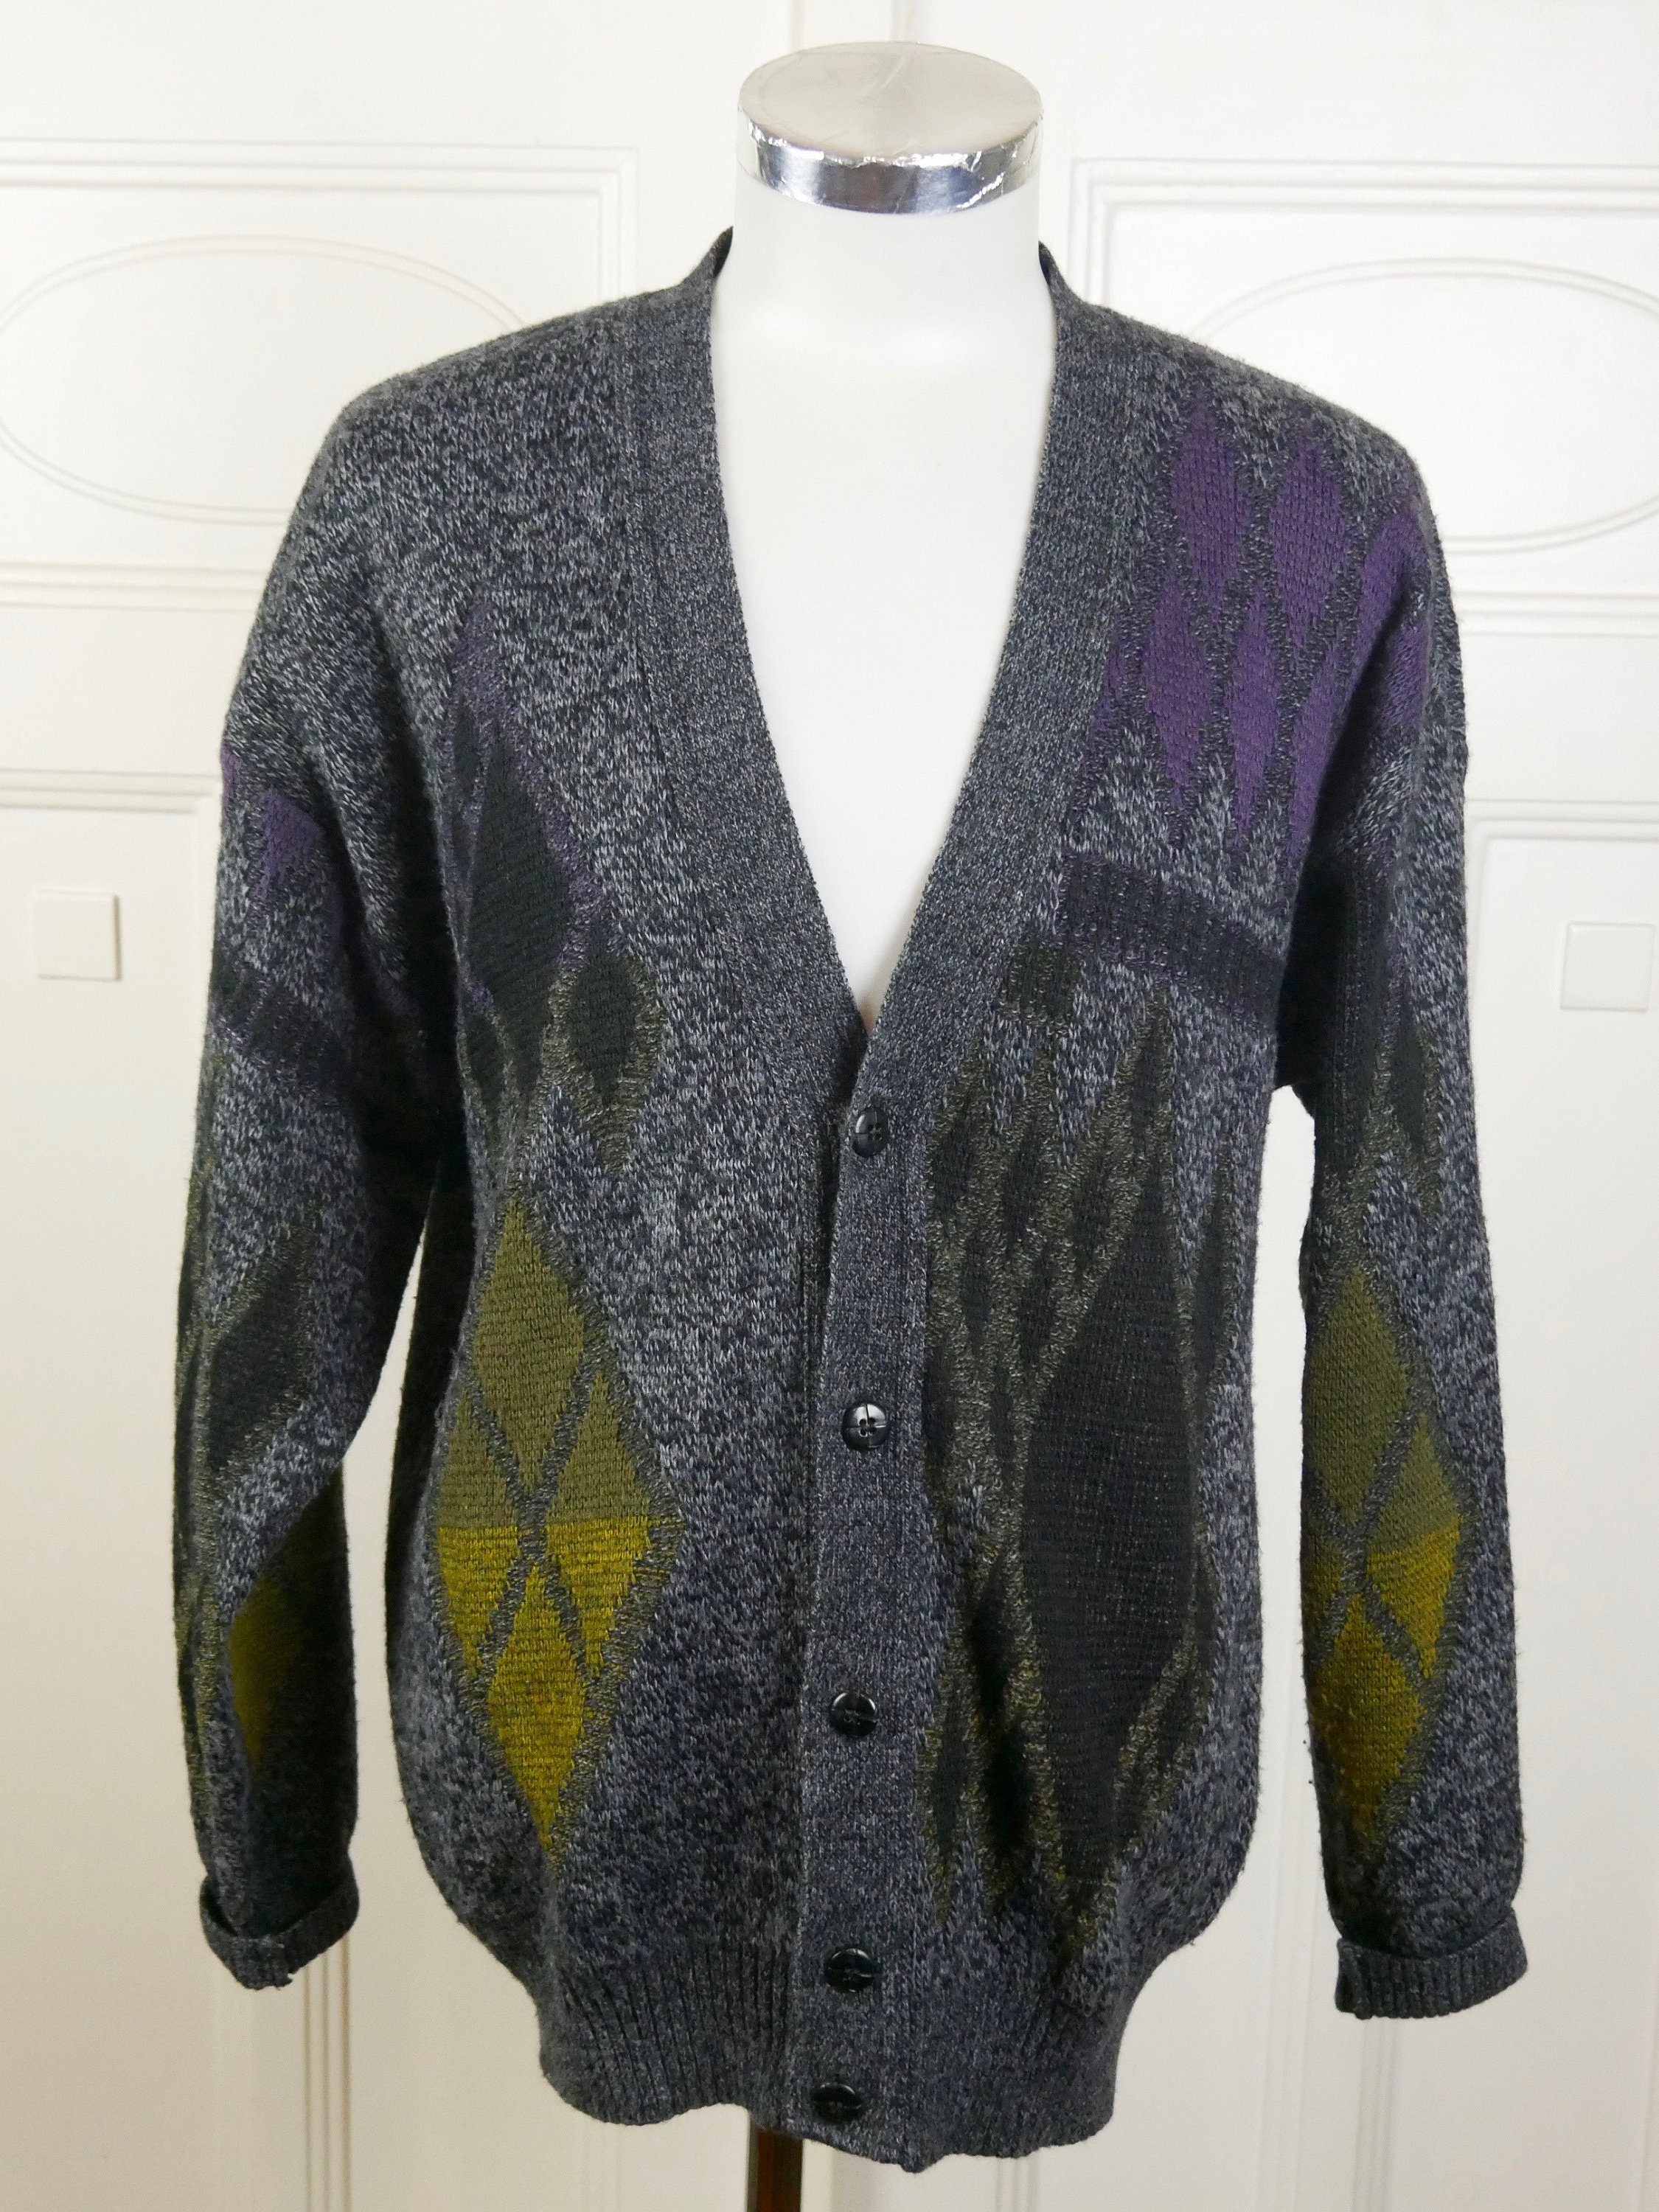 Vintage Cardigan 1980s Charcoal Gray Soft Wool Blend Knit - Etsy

--

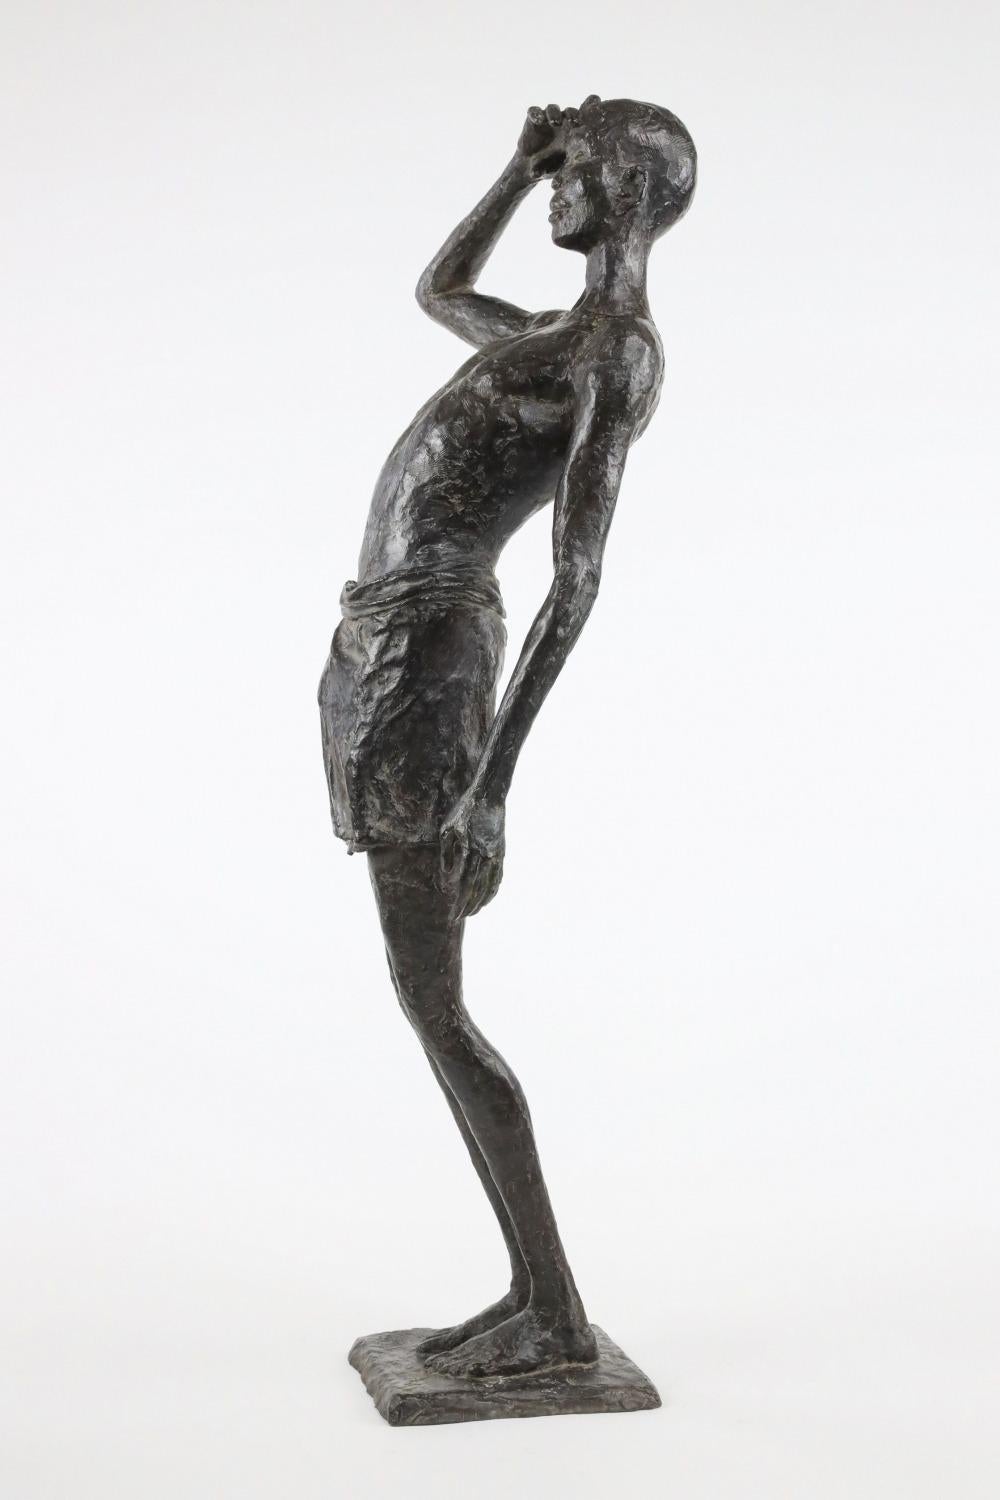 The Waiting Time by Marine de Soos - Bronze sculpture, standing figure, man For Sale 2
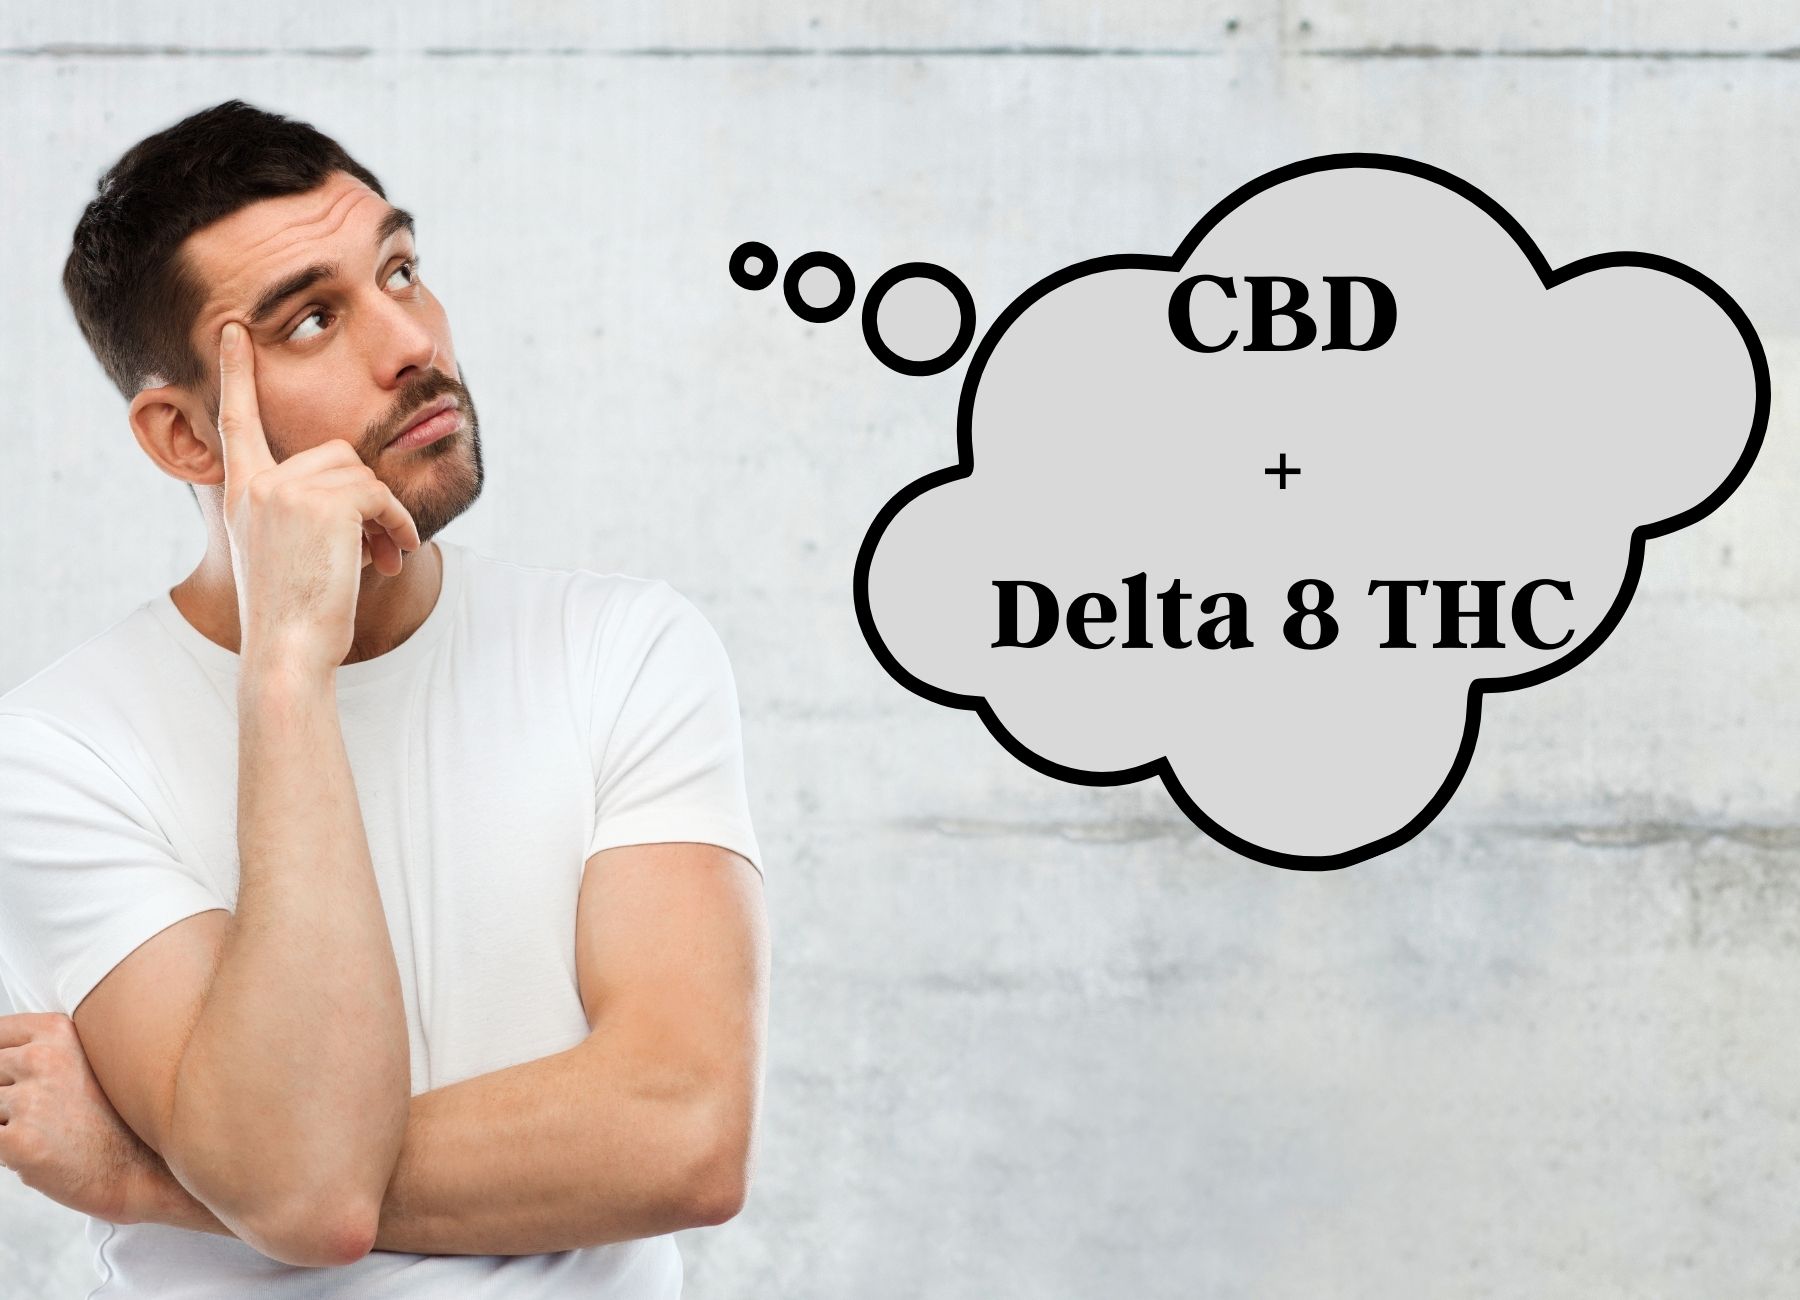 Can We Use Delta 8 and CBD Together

--

[Required action]: From the records above, extract the lines from the one holding "The Waiting Time" through the one holding "Can We Use Delta 8 and CBD Together", word for word; omit the pictures.

[Exercise response]:
 The Waiting Time by Marine de Soos - Bronze sculpture, standing figure, man For Sale 2
 Can We Use Delta 8 and CBD Together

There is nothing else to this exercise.